■ YOUR TASK
Give the listing again word for word. Skip the pictures.

■ DATA
--- START ---

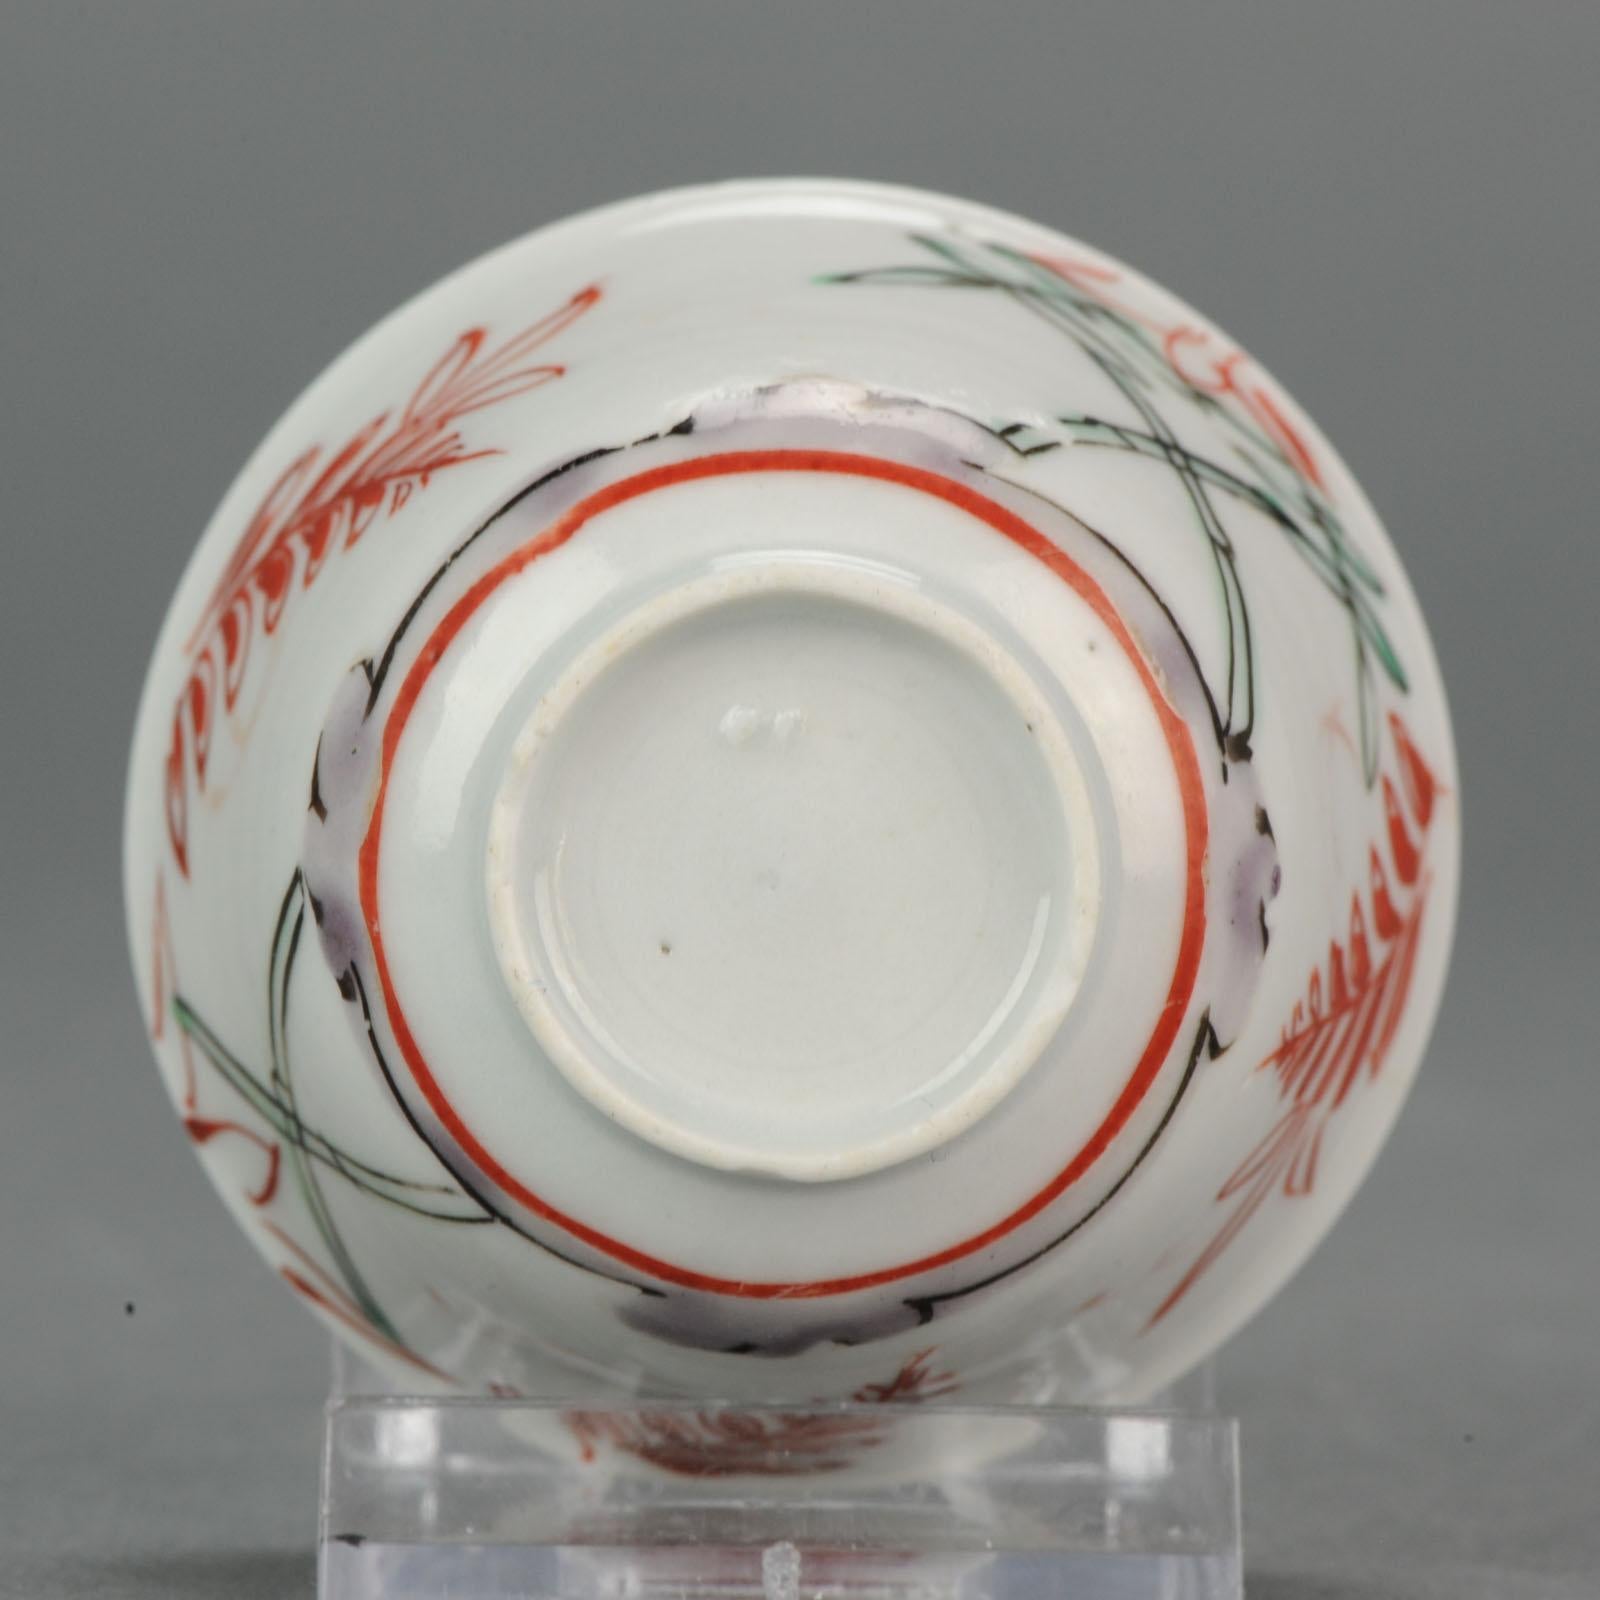 Antique Japanese Porcelain Tea Bowls Arita, 18th Century In Good Condition For Sale In Amsterdam, Noord Holland
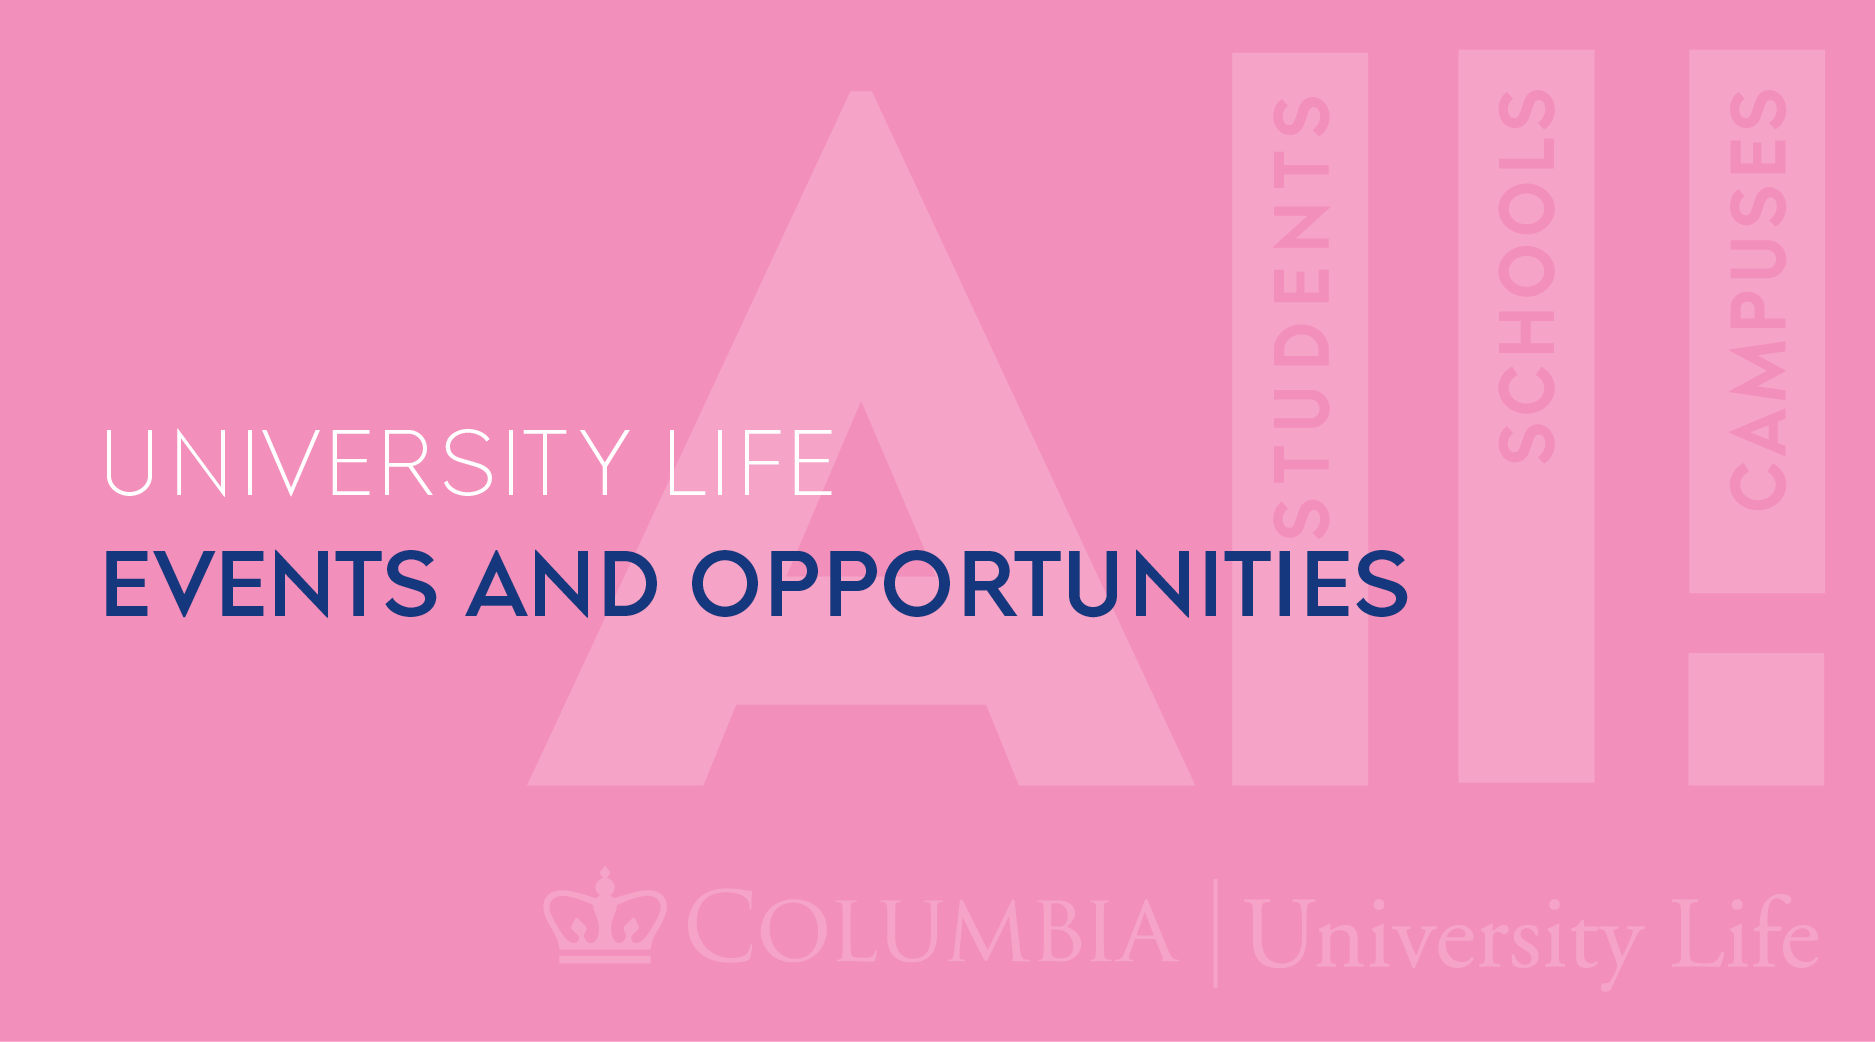 translucent University Life logo laid over a pink background with the text "University Life Events and Opportunities"
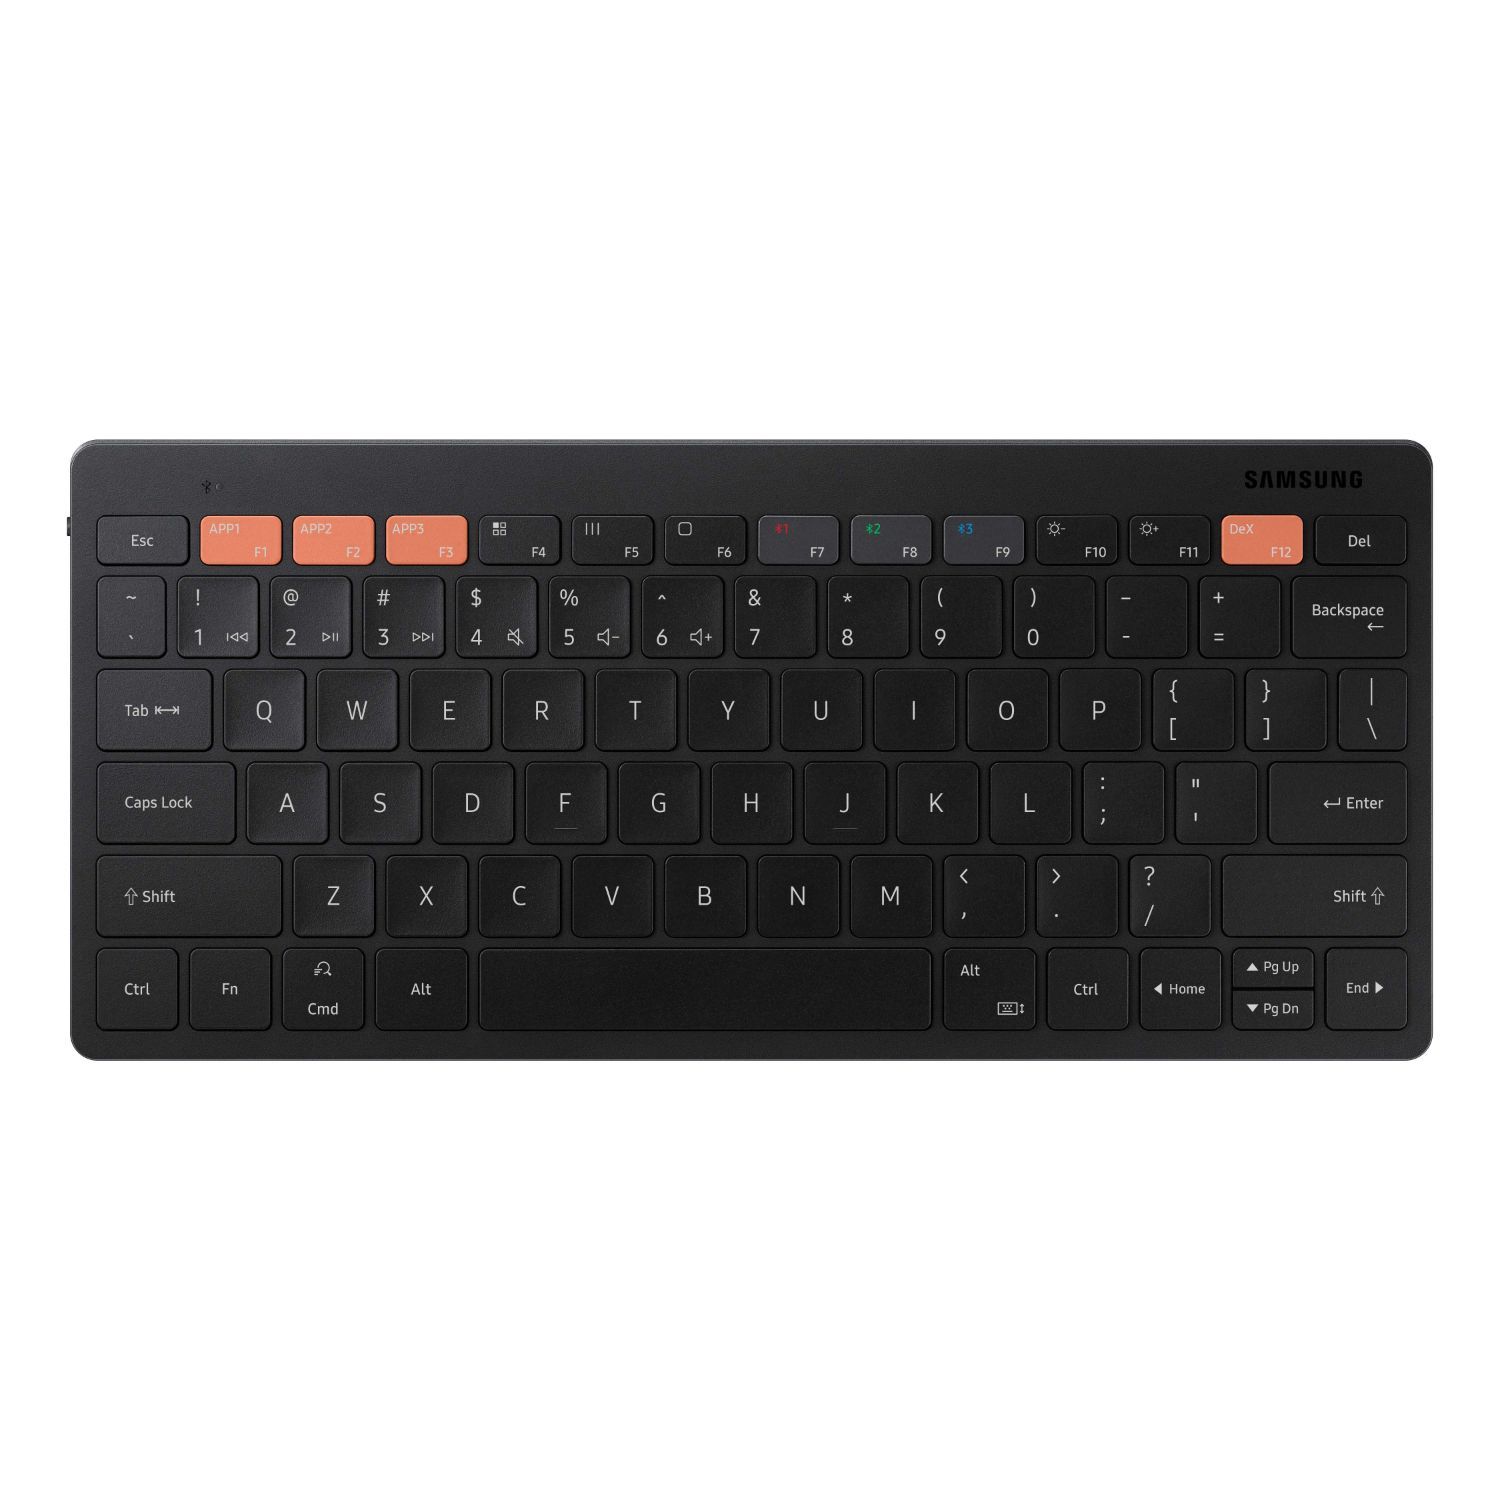 Bluetooth Keyboards for Samsung mobile devices

--- END ---

■ YOUR RESPONSE
 Antique Japanese Porcelain Tea Bowls Arita, 18th Century In Good Condition For Sale In Amsterdam, Noord Holland
 translucent University Life logo laid over a pink background with the text "University Life Events and Opportunities"
 Bluetooth Keyboards for Samsung mobile devices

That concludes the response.